With conviction Jacqueline shook her head. How should she ever have heard of Caroline’s ancestresses?

“Well, now!” said Grandma pityingly, and wiped her spectacles.

“Tell me, please—please!” cried Jacqueline, bouncing up and down in the aged hammock.

“Land sakes, child, it’s lucky that hammock is strung up good and strong, or you’d come down ker-flummocks! Just you go on with your darning, whilst I tell you what there is to tell. ’Taint much. Hetty Tait wasn’t aunt to anybody then, nor was she old. She was a young, blooming girl from down river, born in Allingham, that Nathan Tait fetched here a bride, when first this settlement was made. Their farm was up to the north end of town, and the woods ran right down into their pasture land. One day Hetty was making soft soap at the big fireplace in the kitchen, with her two babies asleep in the cradle right at hand.”

“Grandma! Don’t say anything happened to the babies!” cried Jacqueline, with a swift thought of Annie’s golden head.

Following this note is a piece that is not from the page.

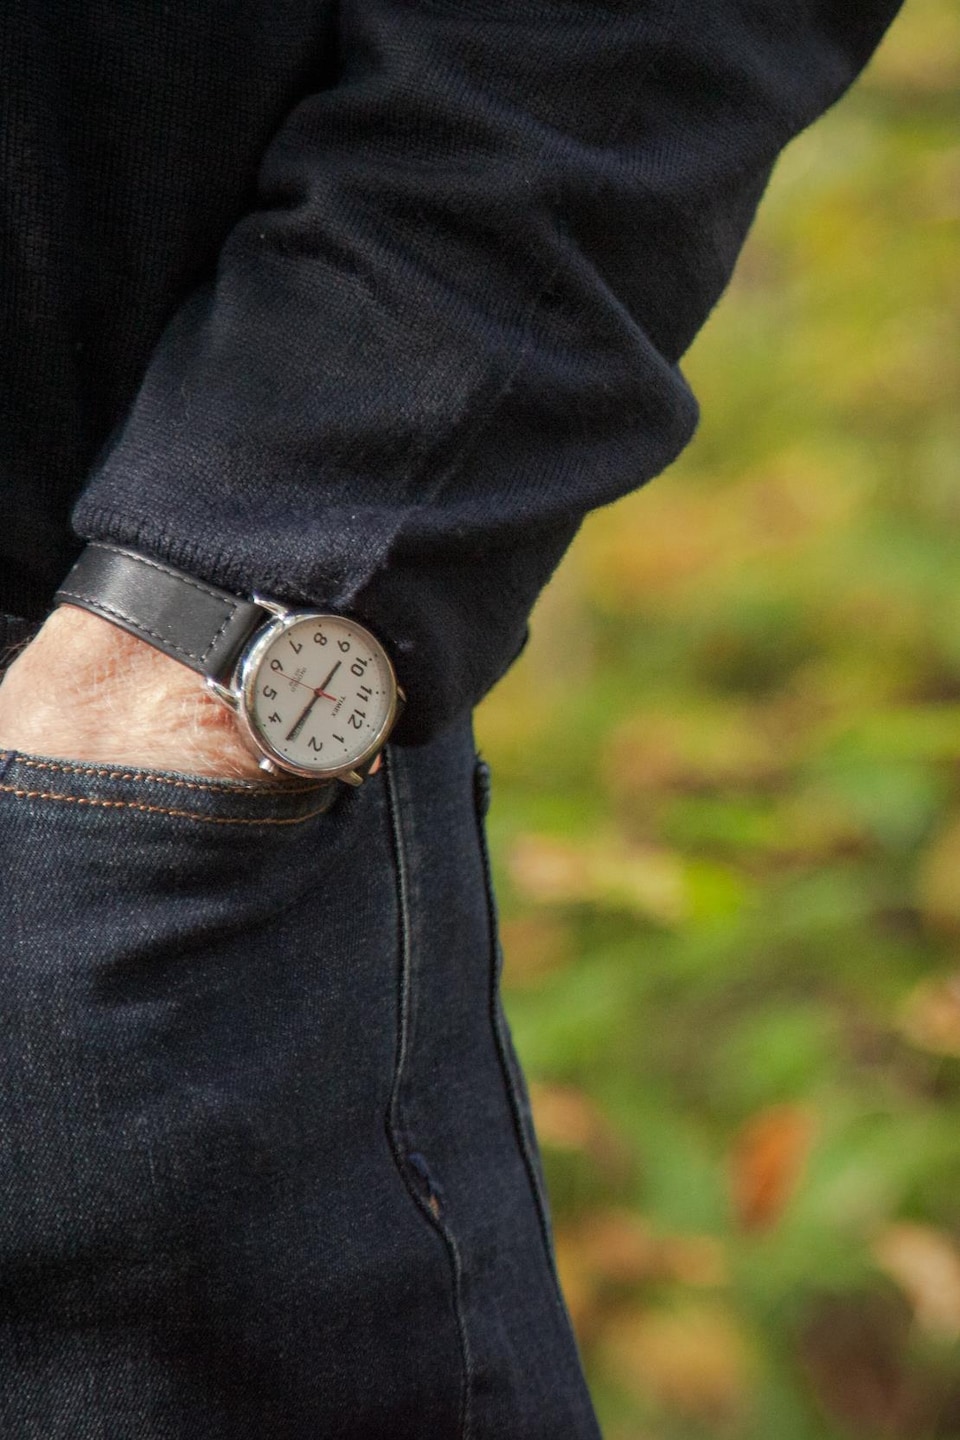 Gros plan sur la montre de Jean Bédard et sa main plongée dans sa poche
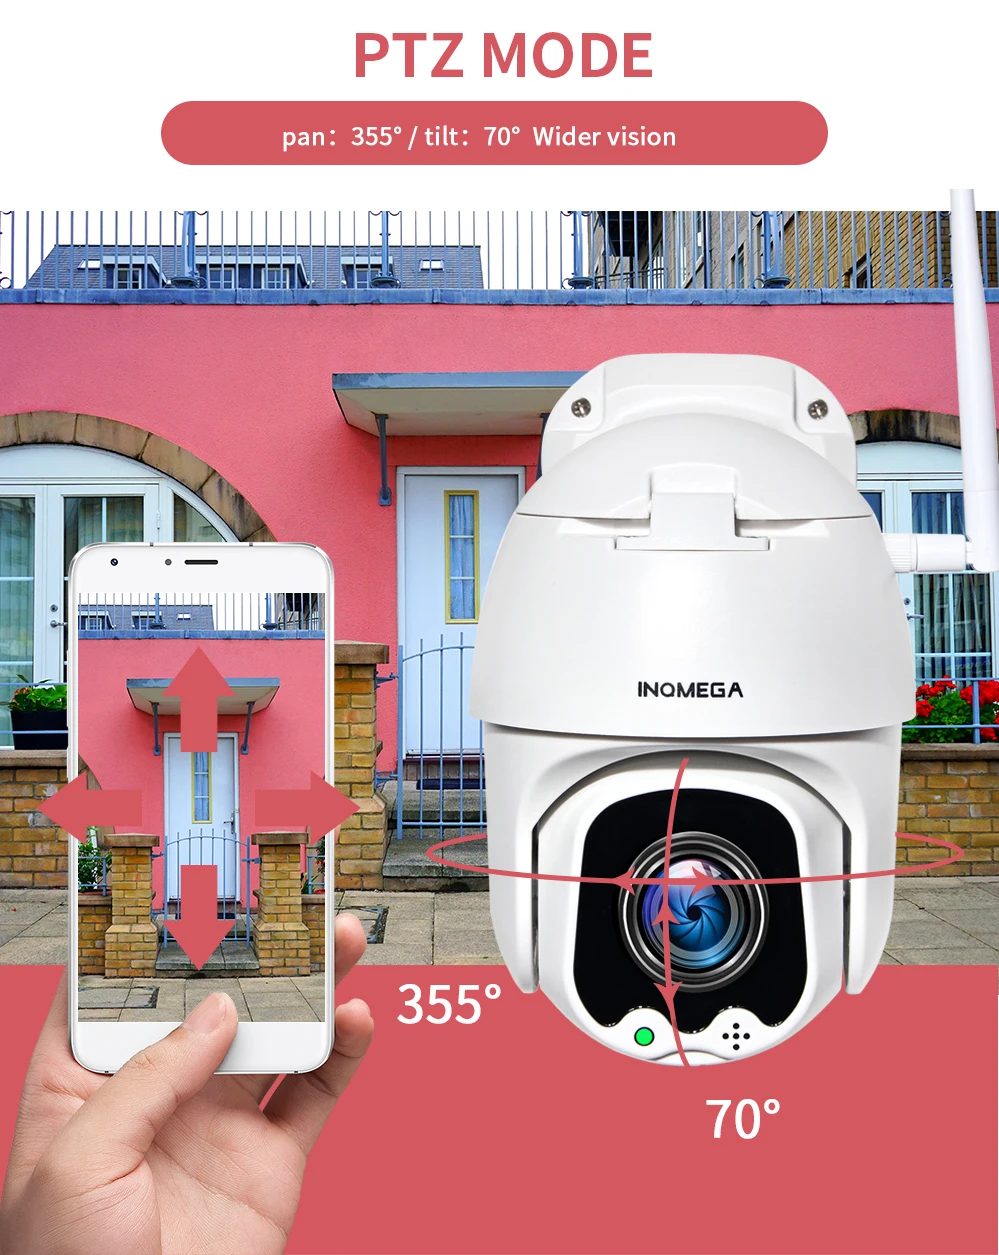 INQMEGA 5MP PTZ скоростная купольная IP камера WiFi Беспроводная 4X цифровая zoomoutor камера видеонаблюдения Водонепроницаемая сетевая CCTV камера

Sphinx-like, Grandma went on:

“It was a balmy day in spring, and the door stood wide open. Nathan Tait had gone into town. Hetty was alone on the place. All at once, though she hadn’t heard a sound, she sensed she wasn’t alone. She whirled round quick as scat, and lo and behold you! there was a great big six-foot savage, with a scalp tied to his belt and a knife in his hand, just stepping cat-footed into her kitchen, and his eyes on her babies.”

“Go on, Grandma! Go on, or I’ll scream!”

“That’s just what Hetty didn’t waste time a-doing, Jackie. Quicker ’n you can say Jack Robinson, she scooped up the scalding hot soap in the great huge ladle she had in her hand, and let drive fair and square at the Indian’s face. He didn’t linger after that. He took out at the door, and Hetty bestowed another ladleful upon his naked back, to speed his footsteps. Then she double barred the door and took down her husband’s fowling piece and kept watch till her husband’s return, not knowing, of course, whether he would return, or whether he’d be ambushed on the road from town, as many a man was in those old days. You can’t blame those folks, Jackie, if they were sort of hard. Life wasn’t what you might call soft with them.”

“I’ll play that game to-morrow,” Jacqueline announced with snapping eyes. “I’ll be Hetty, and Freddie and Annie can be the babies, and Neil shall be the Injun—only of course I’ll throw cold water on him, not hot soap. It won’t hurt him really, Grandma.”